The Punctured Bag and the Firehose
Dmitry Orlov on the 2023 Financial Crisis, March 21, 2023 at 11:23
Dmitry Orlov
C l u b O r l o v | ideas to blow your mind
March 21, 2023 at 11:23 | Has readers’ comments | For subscribers only | Here
Few people are able to see through the smoke and grasp the sinister machinations of the Federal Reserve, the US Treasury and their affiliate the European Central Bank. It’s possible to endlessly pour over news articles, faithfully read all of the Fed’s reports and maybe even take night classes in macroeconomics and finance, and still not have much of an intuitive grasp of what’s happening. Statistics don’t so much lie as just sit there and let you stare at them blankly without a clue as to what all of it really means.
And yet once in a while a statistic catches my eye that describes the situation quite eloquently. Here is one: 83% of all the US dollars that now exist in the world have been summoned into existence during just the past 22 months; since May 2021, that is. Four out of every five dollars in existence has been conjured up pretty much yesterday in historical terms.

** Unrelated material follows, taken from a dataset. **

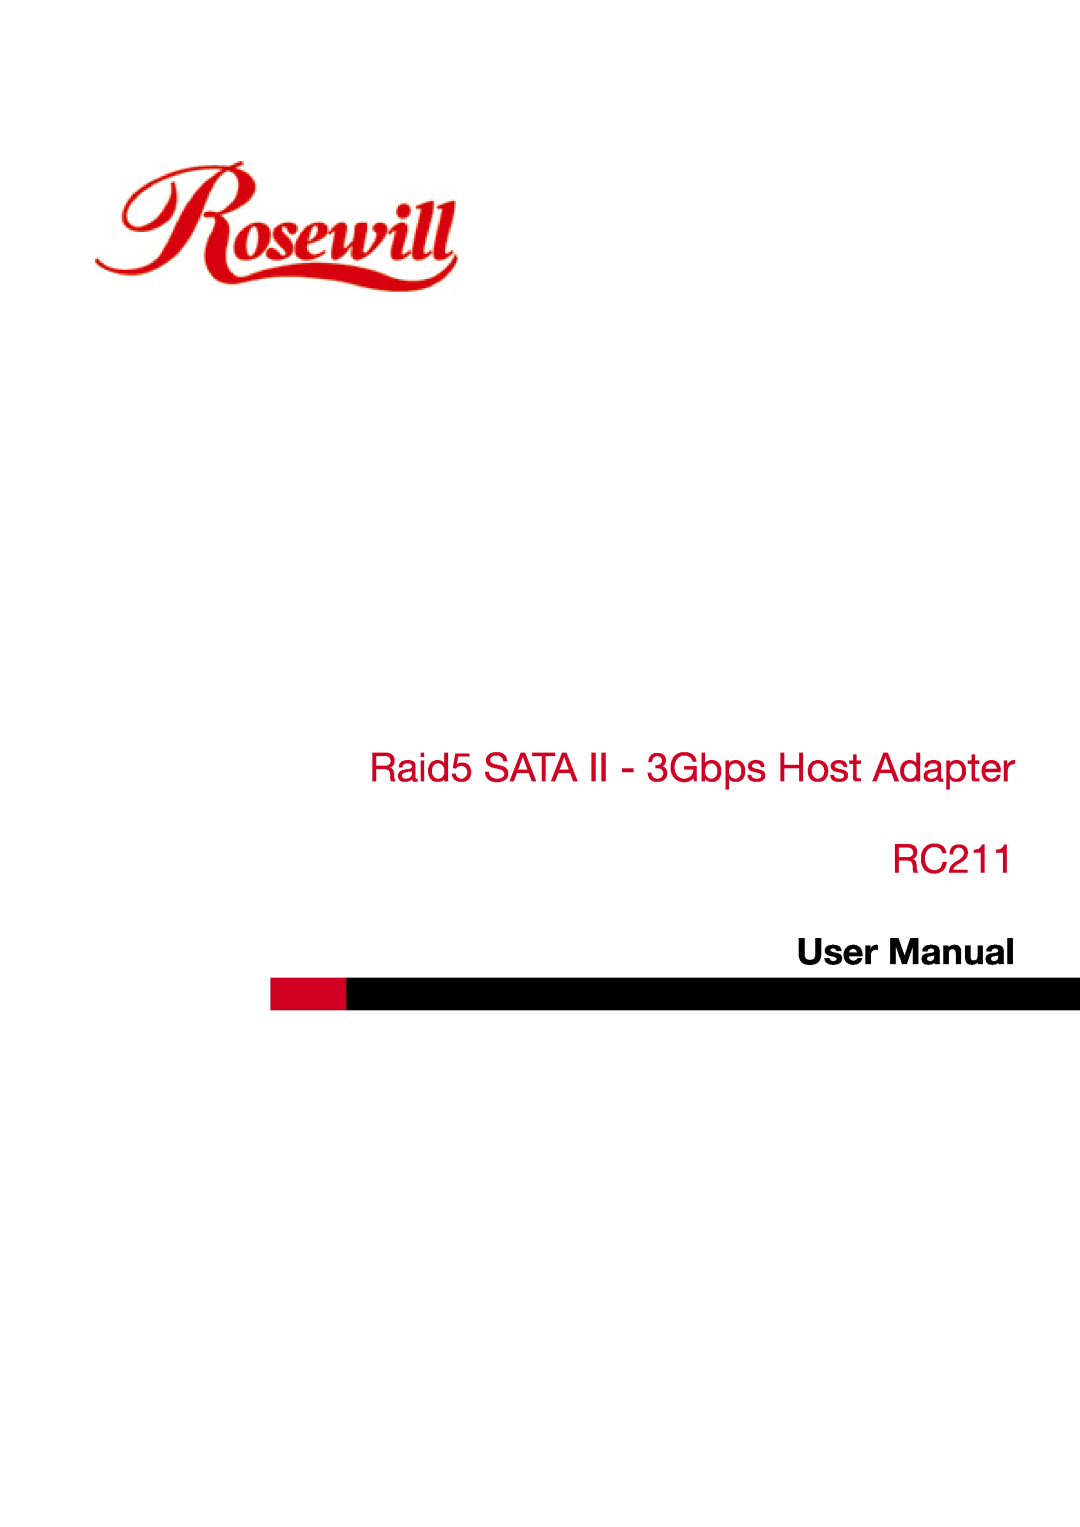 Rosewill user manual Raid5 SATA II - 3Gbps Host Adapter RC211, User Manual

Did the US, all of the participants in the dollar system, grow 83% richer? No, quite the opposite! The population of the US is rather distressed, with many people either living paycheck to paycheck or failing to make ends meet altogether. Other Western countries are in even sadder shape, with protests and riots erupting here and there and everywhere.

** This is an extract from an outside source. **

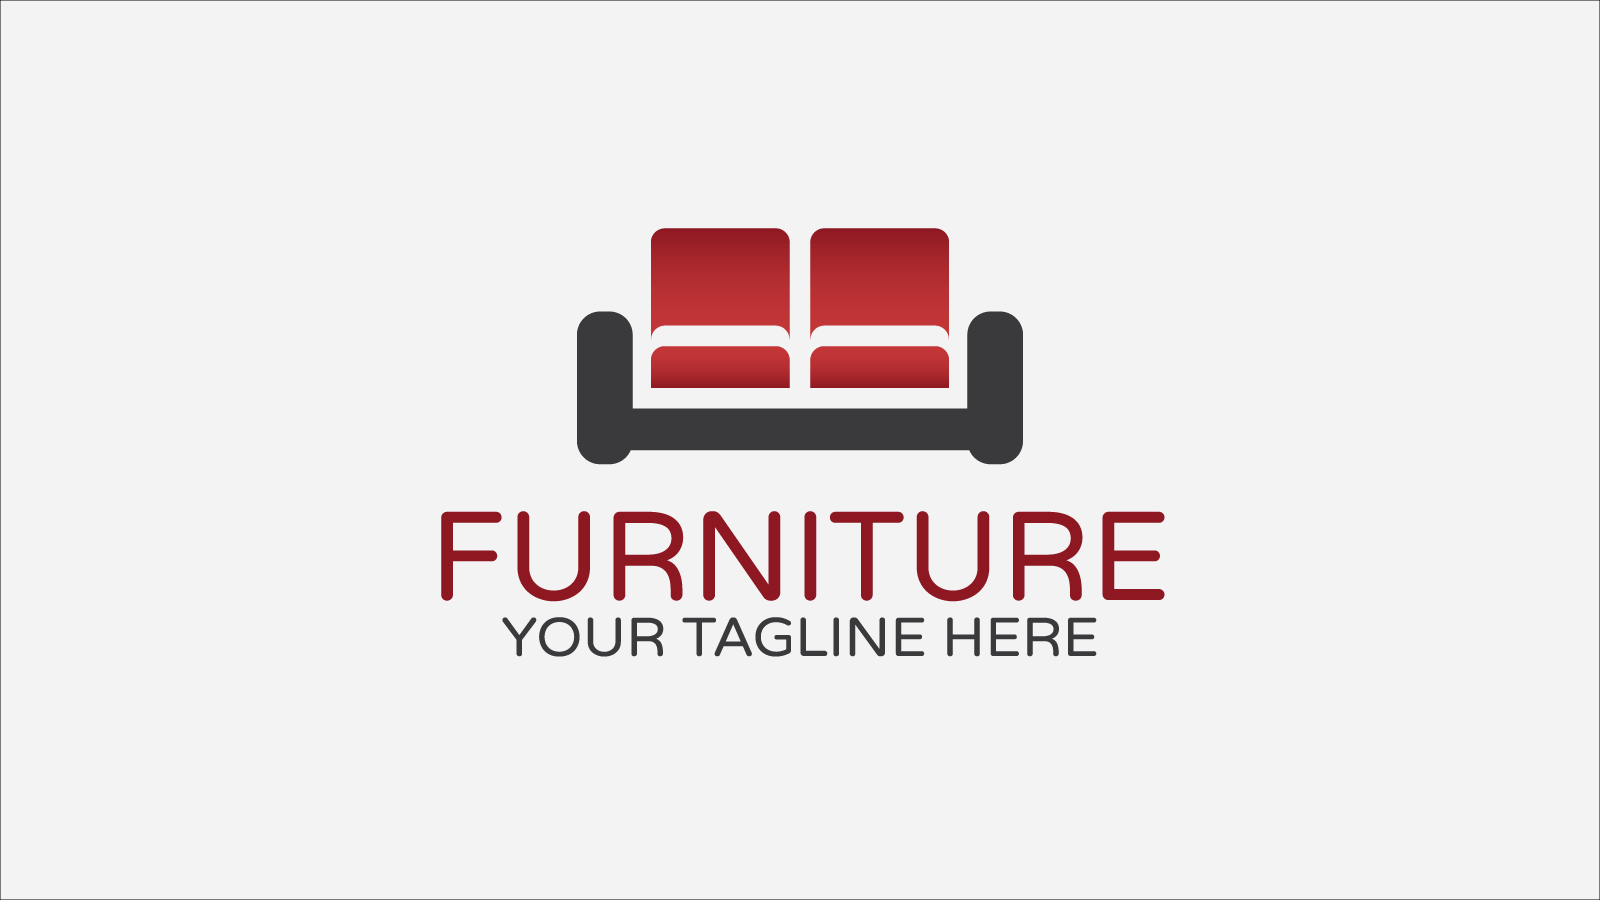 FURNITURE free logo design | Zfreegraphic: Free vector logo downloads

Was there 400% inflation, forcing the monetary authorities to issue new cash just to cover all of their member governments’ various obligations that are, in some way, indexed to inflation? No, in all of the West inflation is still well under 20%, with Poland, at 18.4% getting close.
With so much loose cash sloshing around, are bankers chasing their clients down the street and attempting to stuff their pockets full of money just to get rid of the stuff? No, in fact, there is a severe liquidity problem — so severe that recently the Fed had to inject $300 billion of new liquidity into the banking system in a single week just to stabilize things for the time being.